[Saved entries]
◆ ◆ ◆ ◆ ◆

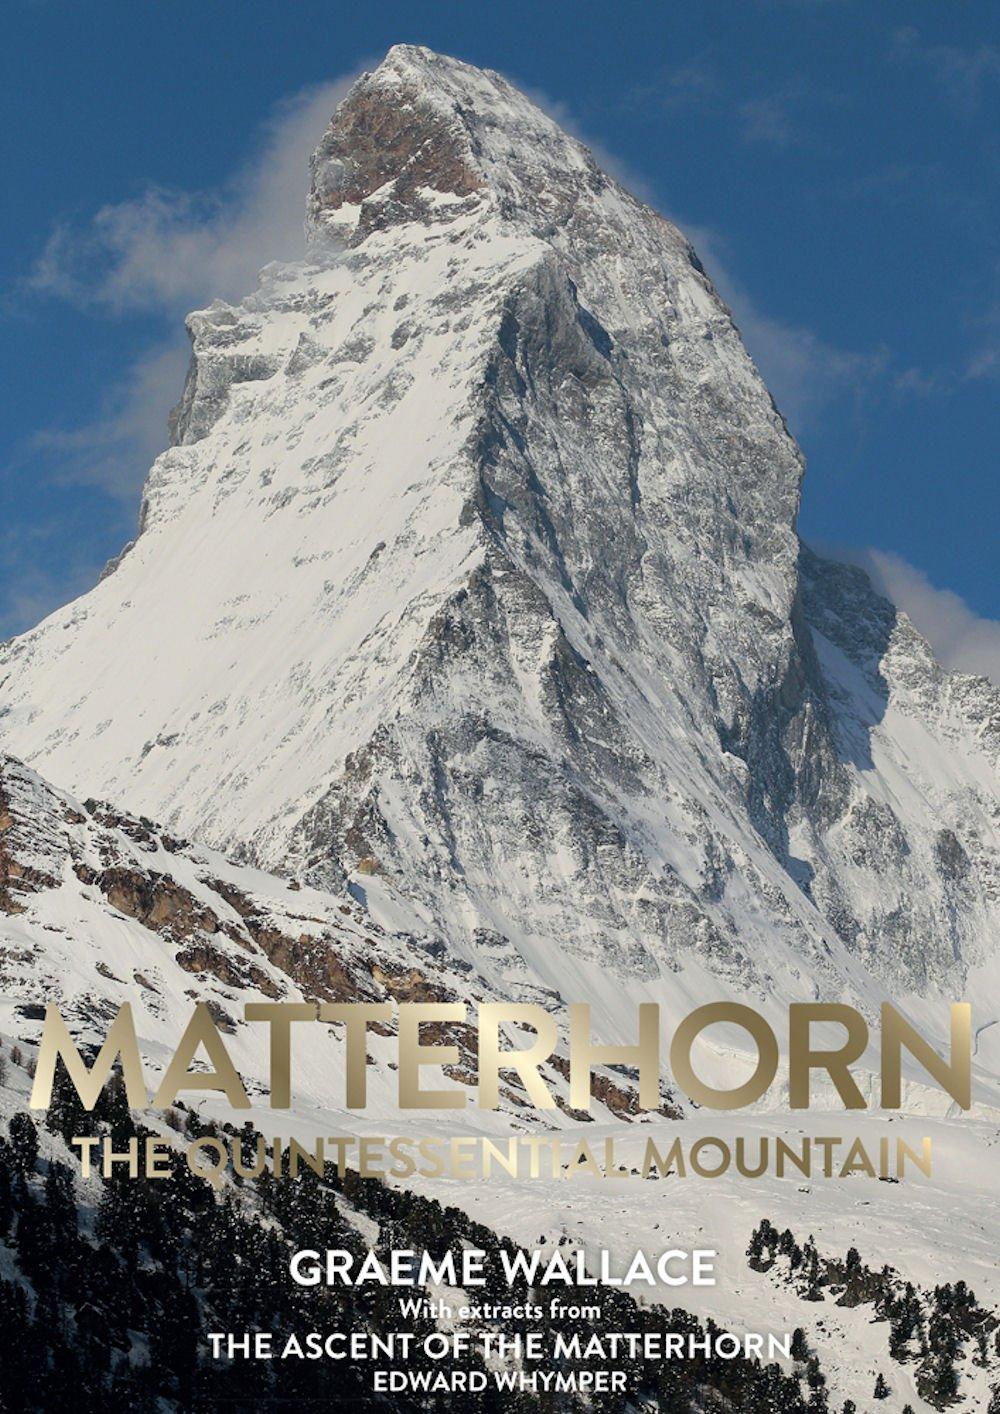 Matterhorn: The Quintessential Mountain
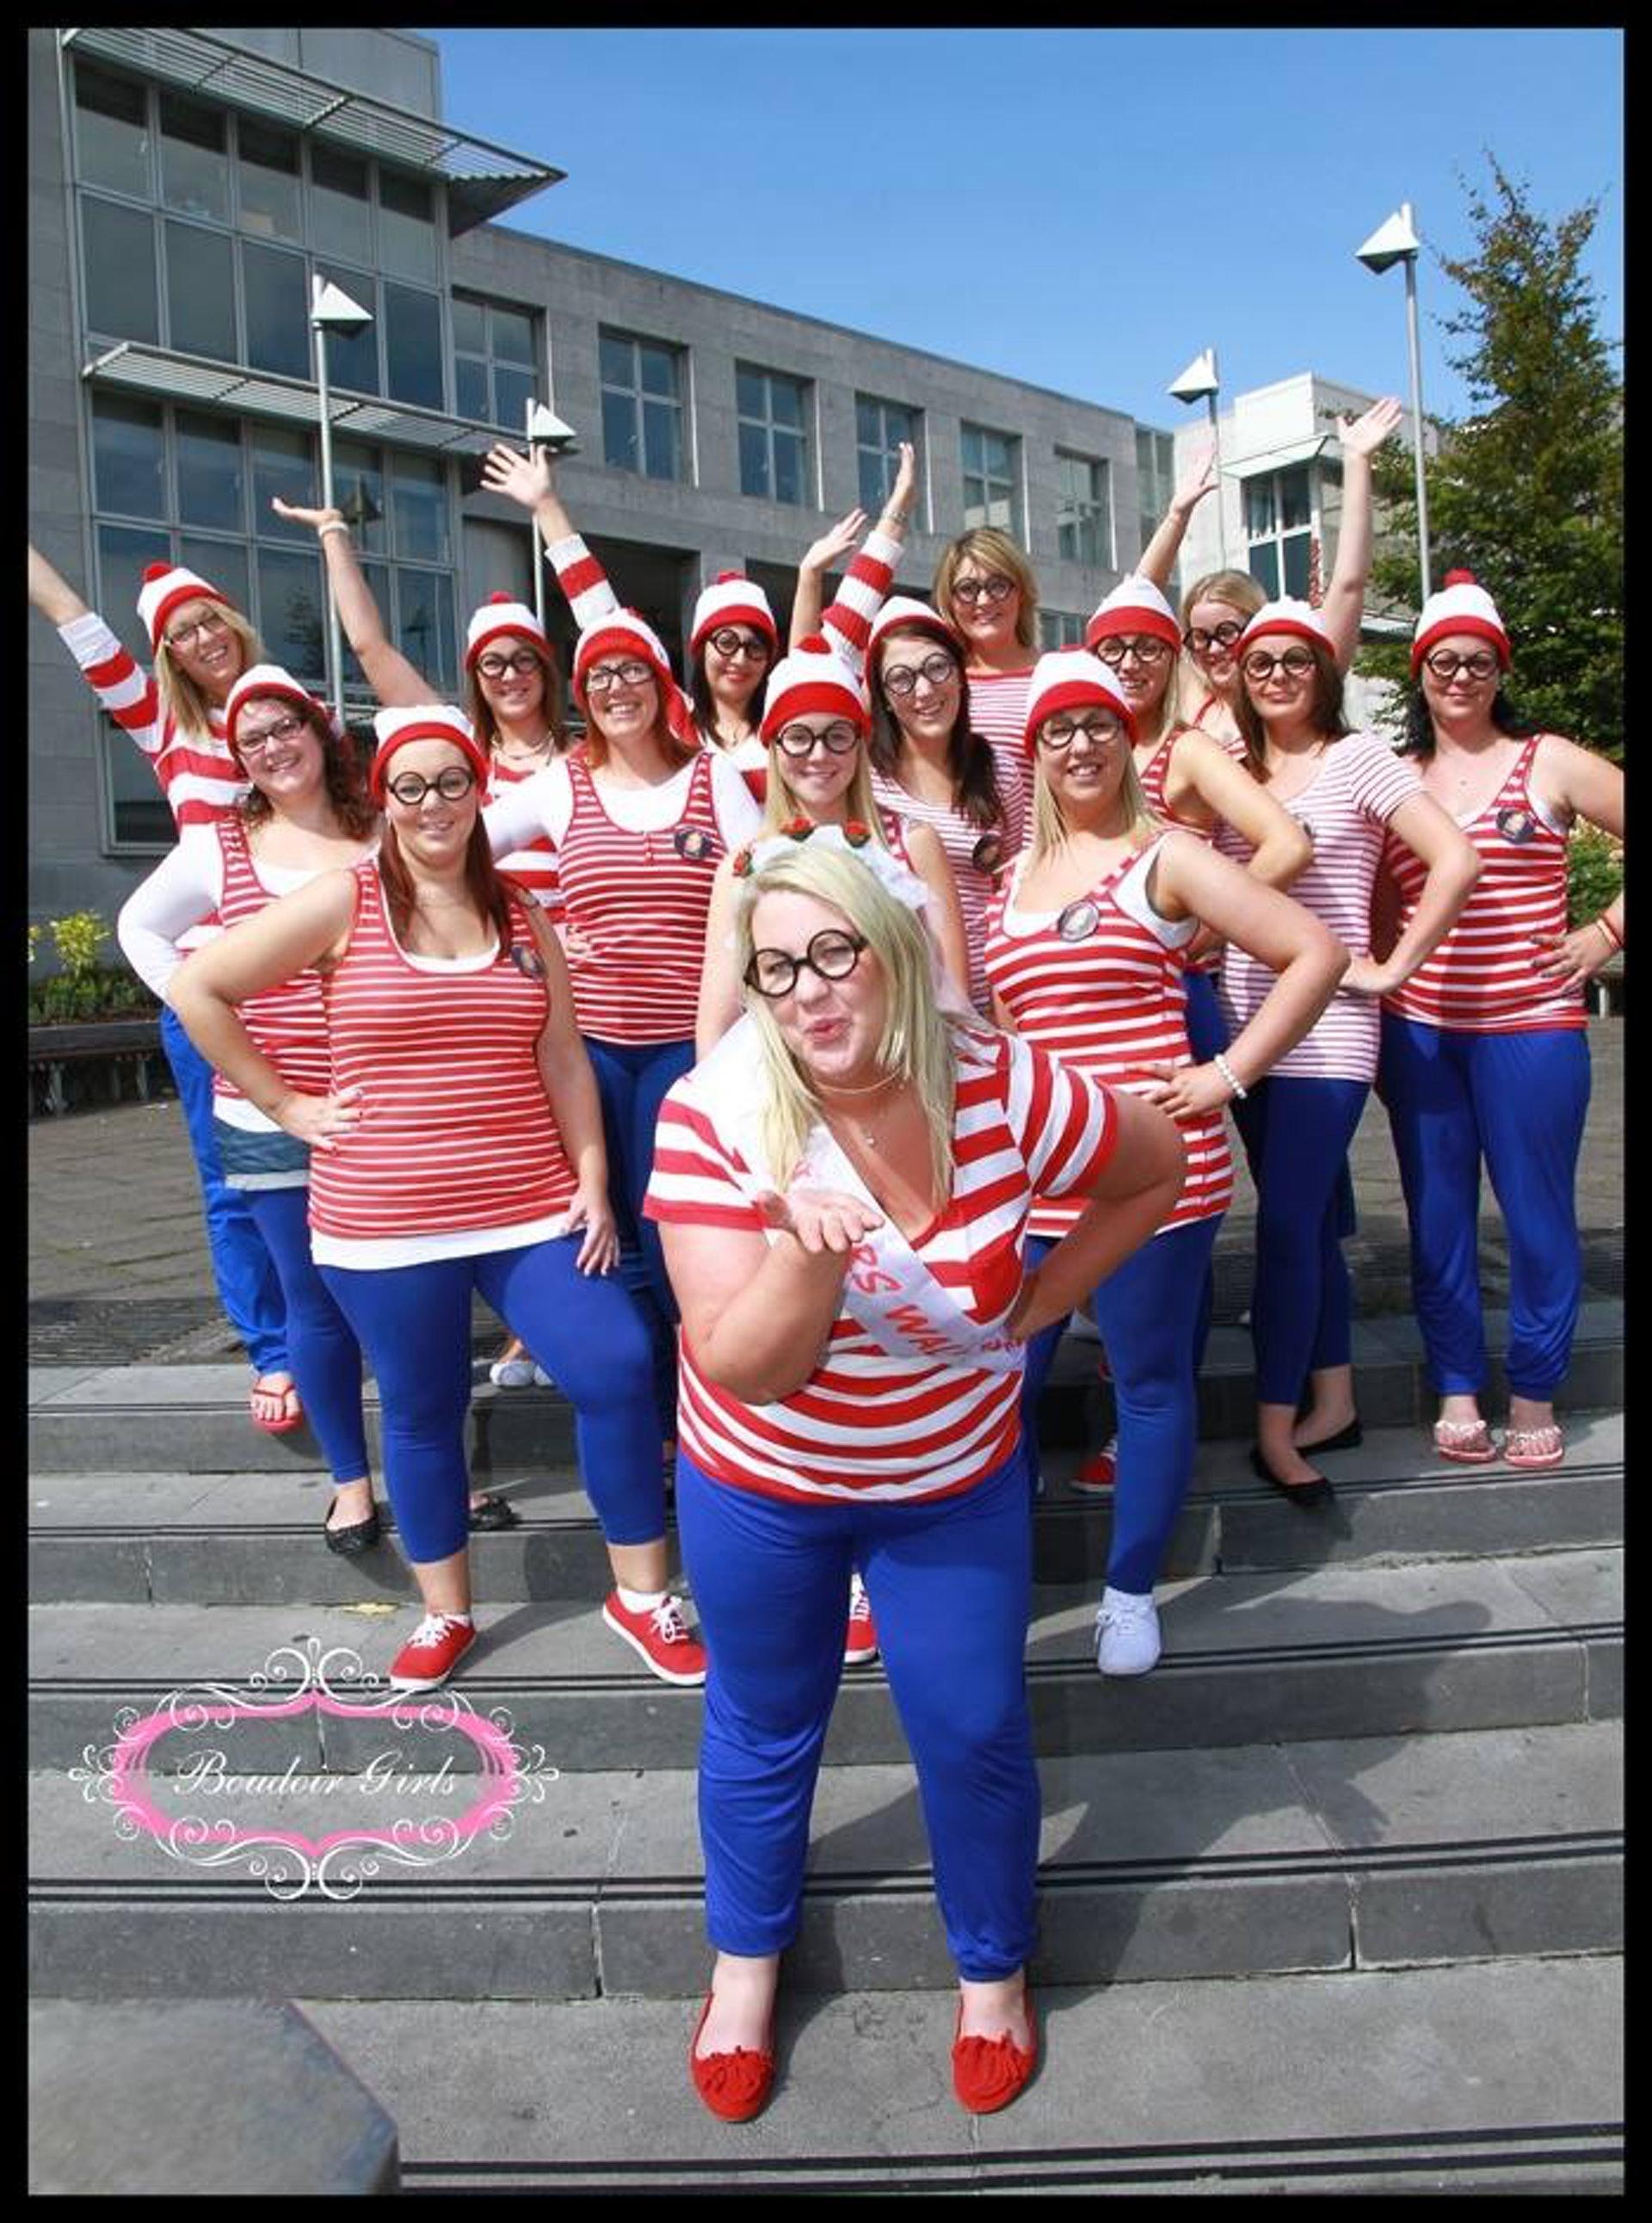 威利现时全球也有粉丝,更模仿威利的打扮。 (网上图片)
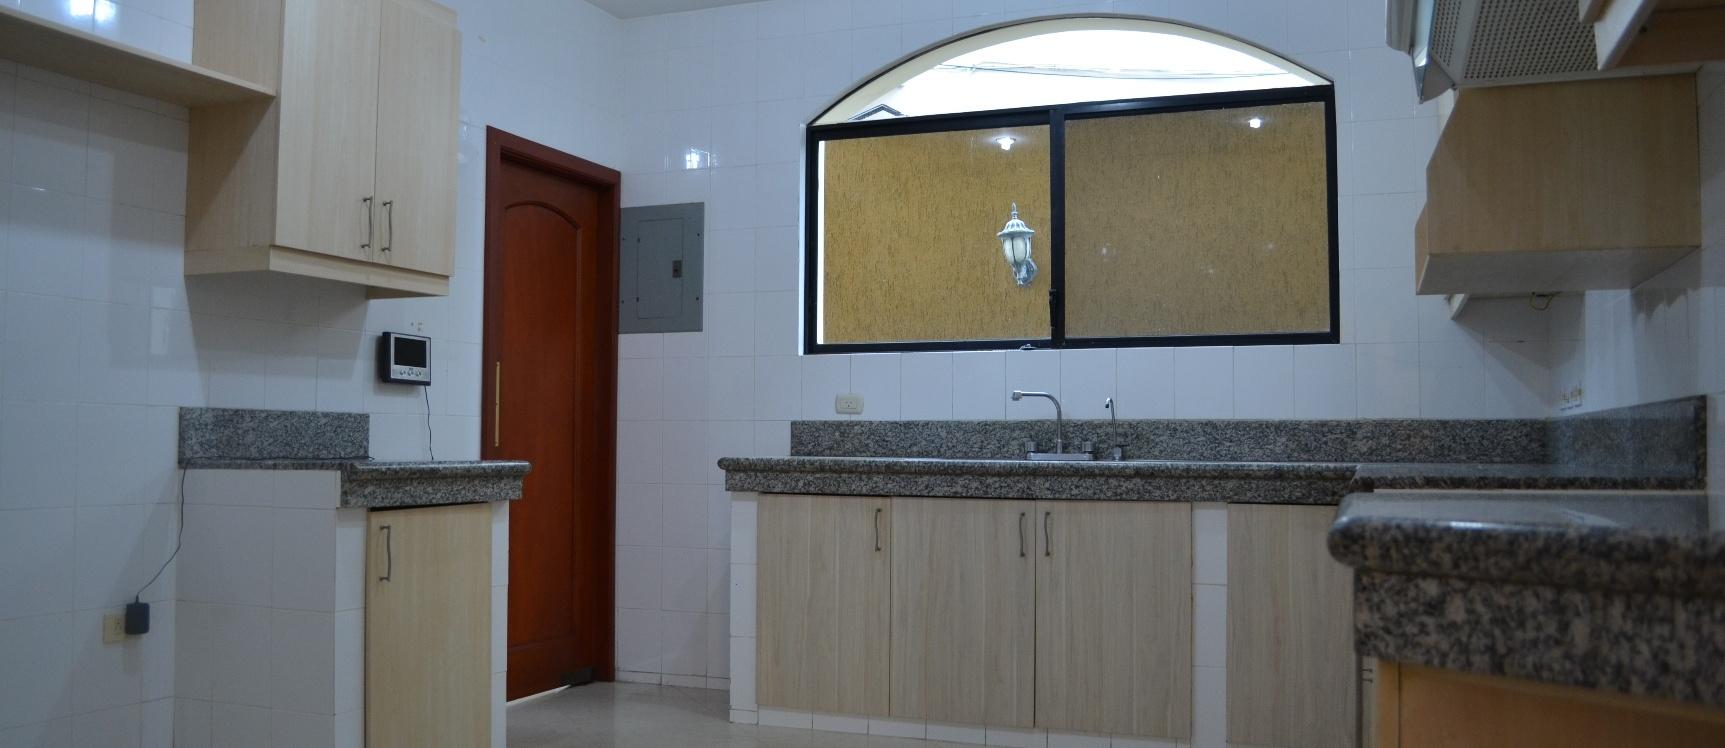 GeoBienes - Casa en alquiler en urbanización Puerto Azul Via a la costa    - Plusvalia Guayaquil Casas de venta y alquiler Inmobiliaria Ecuador
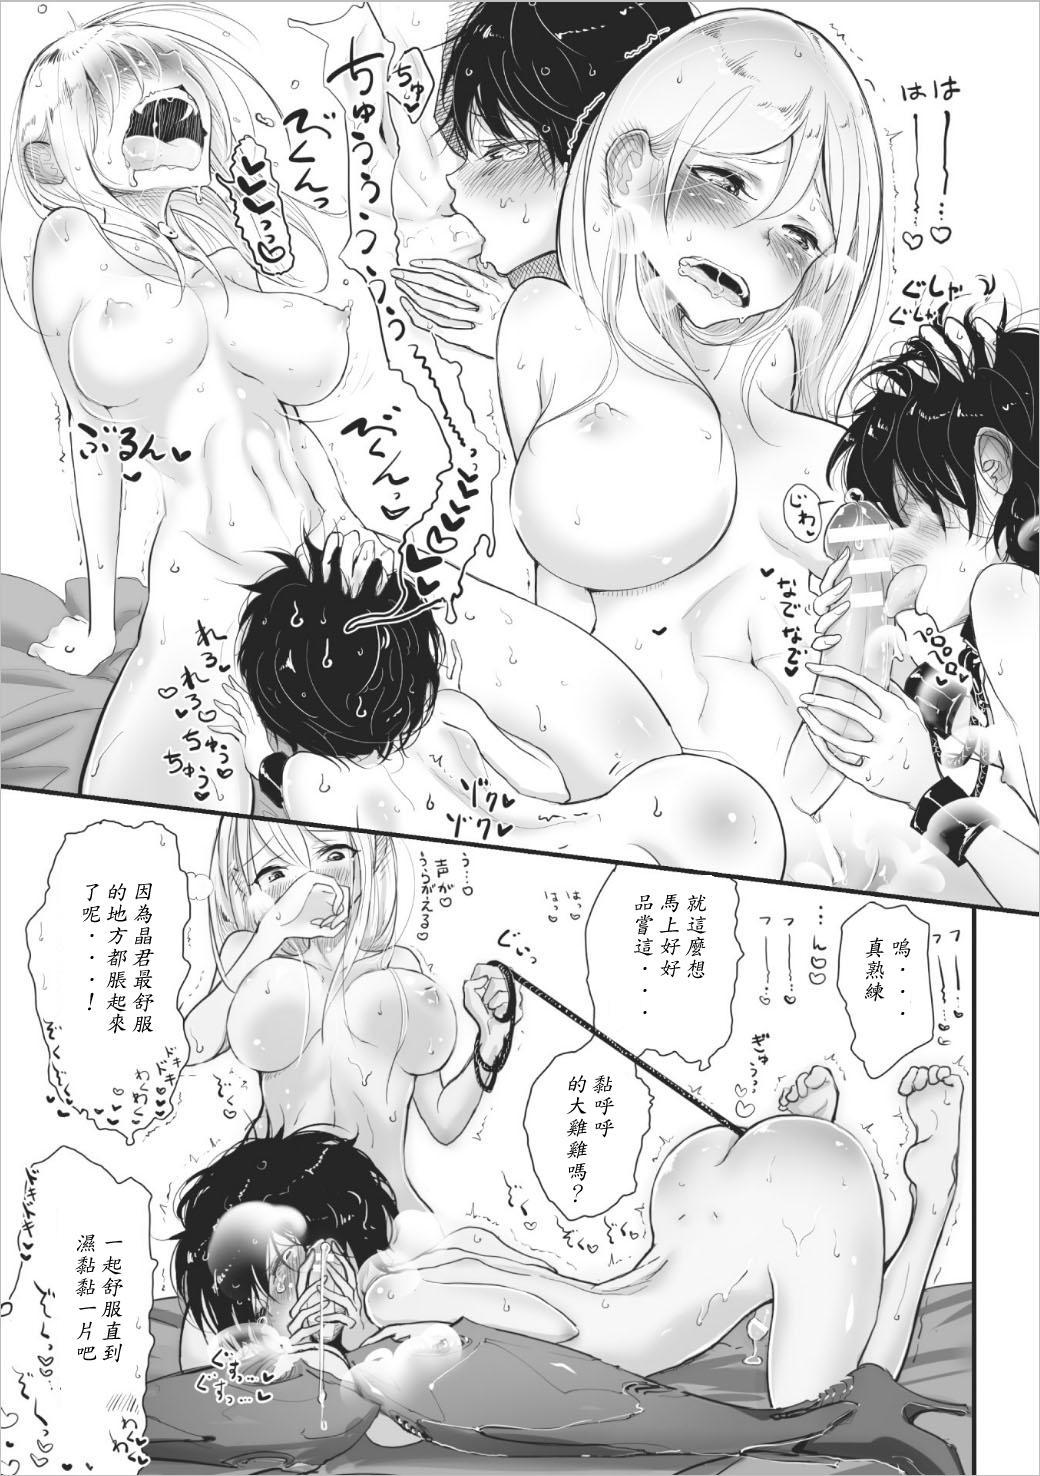 Sakura Nagashi 16
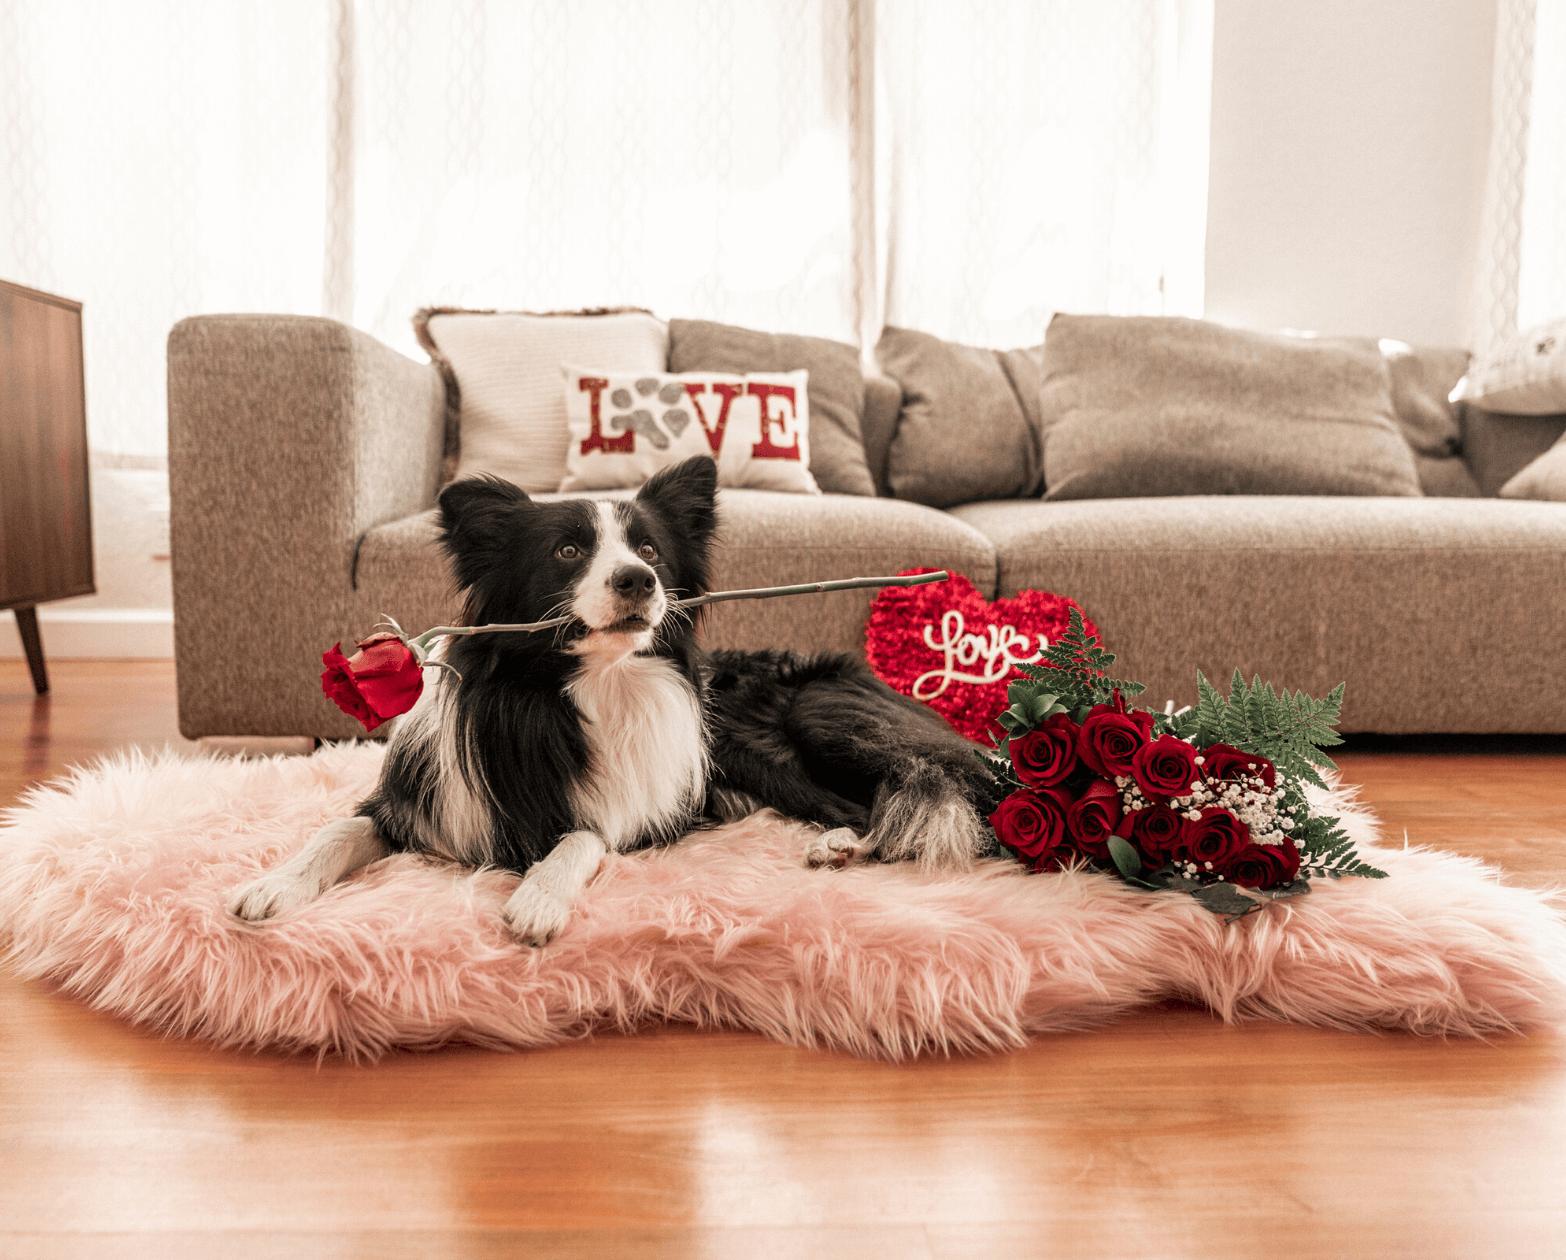 PupRug™ Faux Fur Orthopedic Dog Bed – Curve Blush Pink Pet Beds, Mats & Houses Pet Designer Beds

◆ ◆ ◆ ◆ ◆

— ACTION ITEM —
Give again, exactly, the lines from the start of the data through the one holding "Sakura Nagashi 16"; omit the pictures.

— REPLY —
 Matterhorn: The Quintessential Mountain
 威利现时全球也有粉丝,更模仿威利的打扮。 (网上图片)
 GeoBienes - Casa en alquiler en urbanización Puerto Azul Via a la costa    - Plusvalia Guayaquil Casas de venta y alquiler Inmobiliaria Ecuador
 Sakura Nagashi 16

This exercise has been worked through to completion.